What Is Wine Aging?

by Brewsy Recipe Team
wed, sep 21, 22

Since wine was invented or discovered, it has been a common practice to allow wines to age, that is leaving it alone for a period whether it be a matter of days to years at a time, but should wine be aged? Are there any benefits to aging wine?

 

You have probably heard the phrase "aged like fine wine" meaning that something or someone became better over time, and while the reference is clear, it is a comparison to wine that does, indeed, become better with age. However, this does not apply to all kinds of wines. Some wines require no aging, i.e.: best consumed immediately, and others can be aged for years.

 

To rephrase that previous part, and to provide a bit more technically correctness, aging in and of itself does not inherently improve a wine; aging simply changes a wine.

 

Some wines, especially cheap ones and certain grape varietals gain no advantage from aging. The lower the pH level of a wine, the better its aging potential. On top of that, red wines typically have higher a likelihood of being aged due to the naturally complex flavors it possesses.

 

In general, wines can be split into two groups; one with little to no aging potential, and another with good aging potential. For the former, examples include rosés and blush wines such as White Zinfandel, as well as Vermouth. Examples for the latter include wines such as Chardonnay, Pinot noir, and Merlot.

 

So what are the factors that determine if a wine can be aged? There are a number of variables that can decide this including wine constituents, storing, and bottling factors.

 

For the constituents, the ratio of sugar, acid, and phenolics to water play a role. The less water the grape naturally contains, the better its potential for aging will be, with terroir determining these things in the grapes.
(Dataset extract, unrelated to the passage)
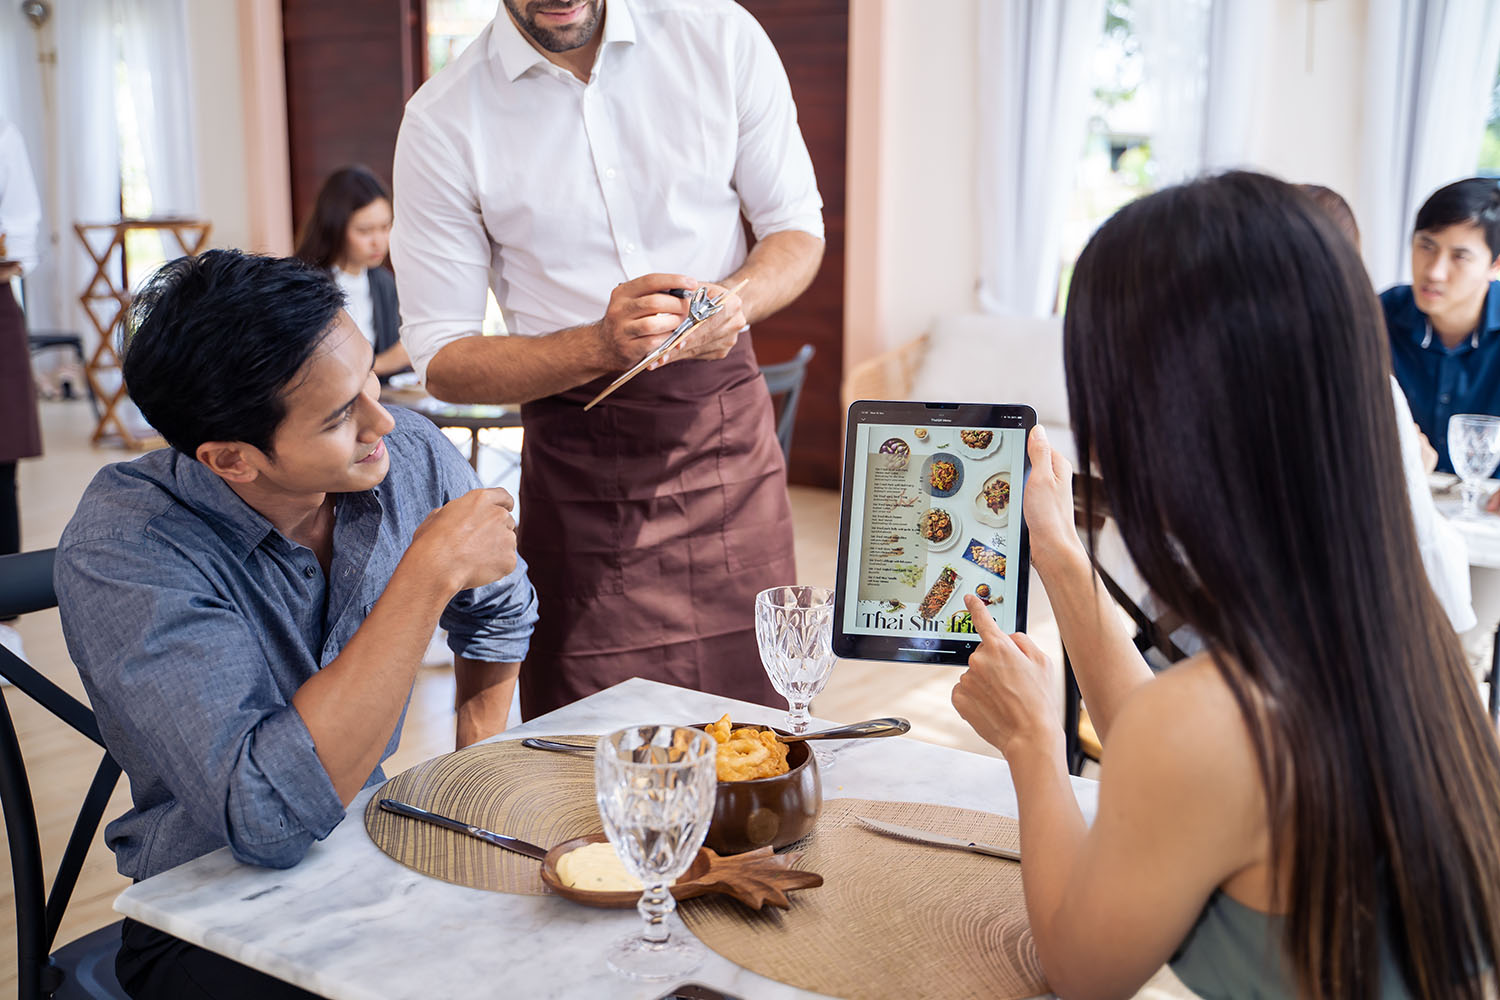 自助式餐廳透過 HiNet SME 超寬頻整合服務對於空間內無線網路的完整佈局，打造無紙化的平板數位點餐機制，成功加速出菜的效率，獲得來訪顧客的一致好評。

Since ice wine basically has a lot of water removed due to the freezing, this makes it a good example of a wine with great aging potential.

 

For storage factors, there are a couple here: bottle-shock and cork taint. Bottle-shock is when the wine has been "traumatized" because of the bottling experience. If exposed to too much oxygen, it starts a chain reaction of chemical reactions. This period of trauma as well as the time needed for the wine to settle back down. Flavors during this period can be drastically different from before it was bottled, but it is just a temporary condition.

 

Cork taint is the transfer of off-flavors from the cork to the wine, sometimes development of cork taint stems from the growing conditions of the cork itself, to the processing of cork to stopper, and even molds that had been growing on the cork prior to harvesting it.

 

Overall, the changes attributed to aging have quite a range. For one, the inherent acidity of certain wines can diminish over time replacing the harshness found with a softer mouthfeel, and the lingering finish of a wine can remain for longer. As chemical reactions happen over time, wine bouquets can become more pronounced, and develop different layers of aromas.

 

So if you think the wine you just made smells or tastes off, give it time, and let it age like a fine wine.